However, there may be circumstances during operation of such a drill bit when the lateral imbalance force is, temporarily, not directed towards the low friction pad. In the case where the lateral force is generated by the engagement between the cutting elements and the formation, for example, the direction of the force may change when the weight-on-bit is reduced or when the bit is lifted off the bottom of the hole while still rotating. In such circumstances the resultant lateral imbalance force, although reduced in magnitude, may be directed towards a region of the gauge of the bit away from the low friction pad or pads, and where cutters are mounted. The engagement of such cutters with the formation may then be sufficient to initiate bit whirl, which may persist after the bit re-engages the bottom of the hole.
Such temporary re-direction of the imbalance force may also occur as a result of vibration while drilling, or as a result of the bit, or some of the cutters, striking harder occlusions in the formation, or as a result of temporary variation in the hydraulic forces acting on the bit. In each case there is a risk of bit whirl being initiated.
It is an object of the invention to inhibit the initiation of bit whirl, in such circumstances, by using secondary elements to limit the extent to which certain cutters on the bit body may cut into the surrounding formation, thereby limiting the "frictional" engagement of those cutters with the formation.
It is also known, in drill bits of the kind first referred to, to provide on the rearward side of at least certain of the preform cutting elements, which may be regarded as primary cutting elements, secondary abrasion elements which are set slightly below (or inwardly of) the primary cutting profile defined by the primary cutting elements. Such an arrangement is described, for example, in U.S. patent specification No. 4718505.
(In this specification, the "primary cutting profile" is defined to mean a generally smooth notional surface which is swept out by the cutting edges of the primary cutting elements as the bit rotates without axial movement. The secondary profile is similarly defined as the notional surface swept out by the secondary elements.)

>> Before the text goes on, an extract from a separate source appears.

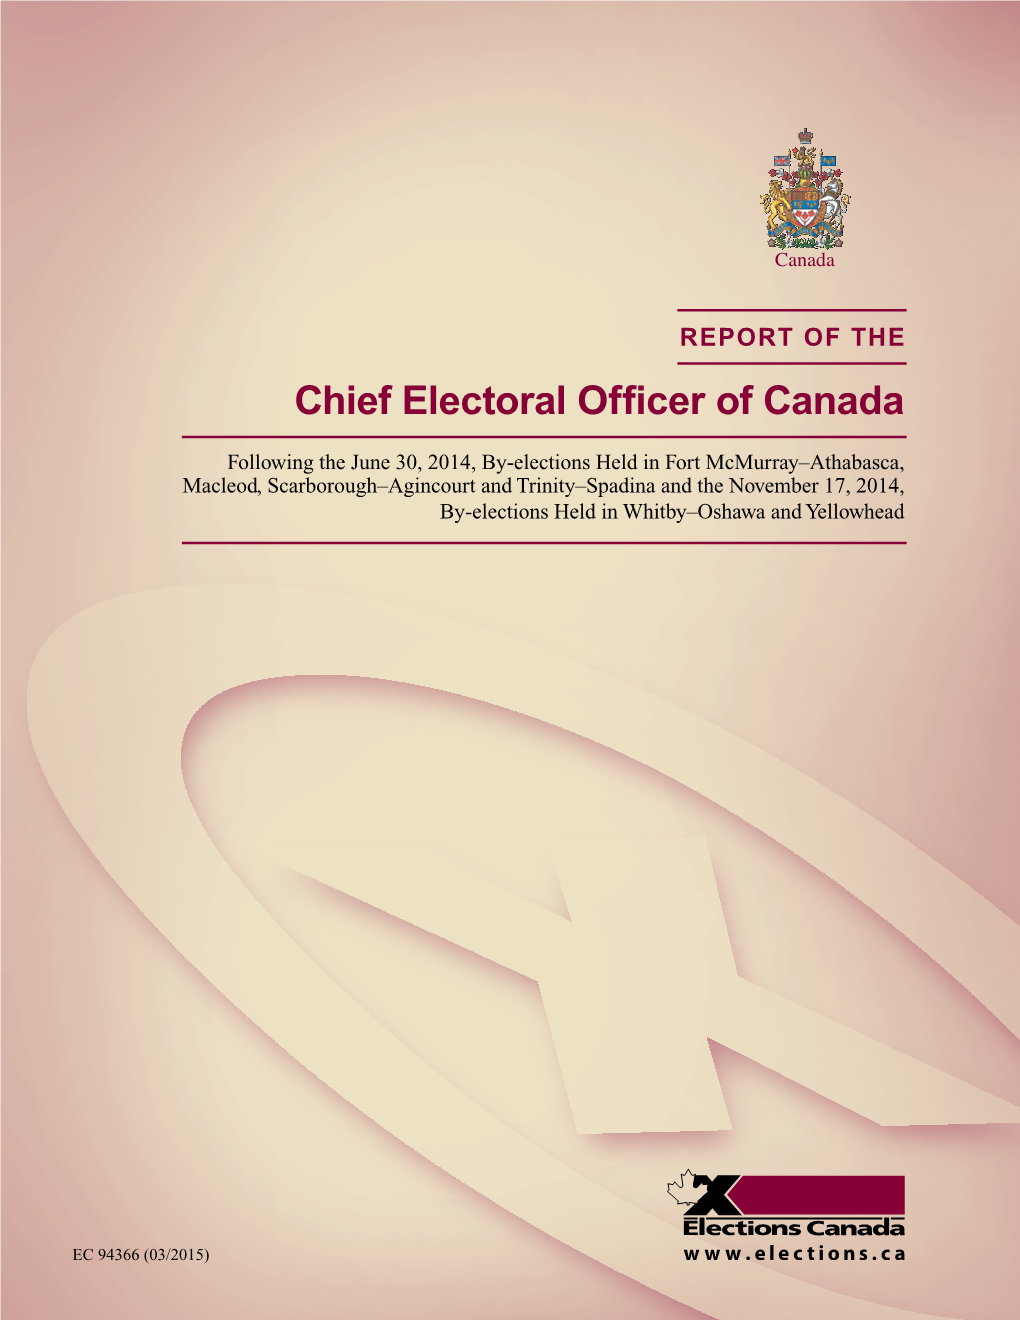 REPORT of the Chief Electoral Officer of Canada

With such an arrangement, during normal operation of the drill bit the major portion of the cutting or abrading action of the bit is performed by the preform primary cutting elements in the normal manner. However, should a primary cutting element wear rapidly or fracture, so as to be rendered ineffective, for example by striking a harder formation, the associated secondary abrasion element takes over the abrading action of the cutting element, thus permitting continued use of the drill bit. Provided the primary cutting element has not fractured or failed completely, it may resume some cutting or abrading action when the drill bit passes once more into softer formation.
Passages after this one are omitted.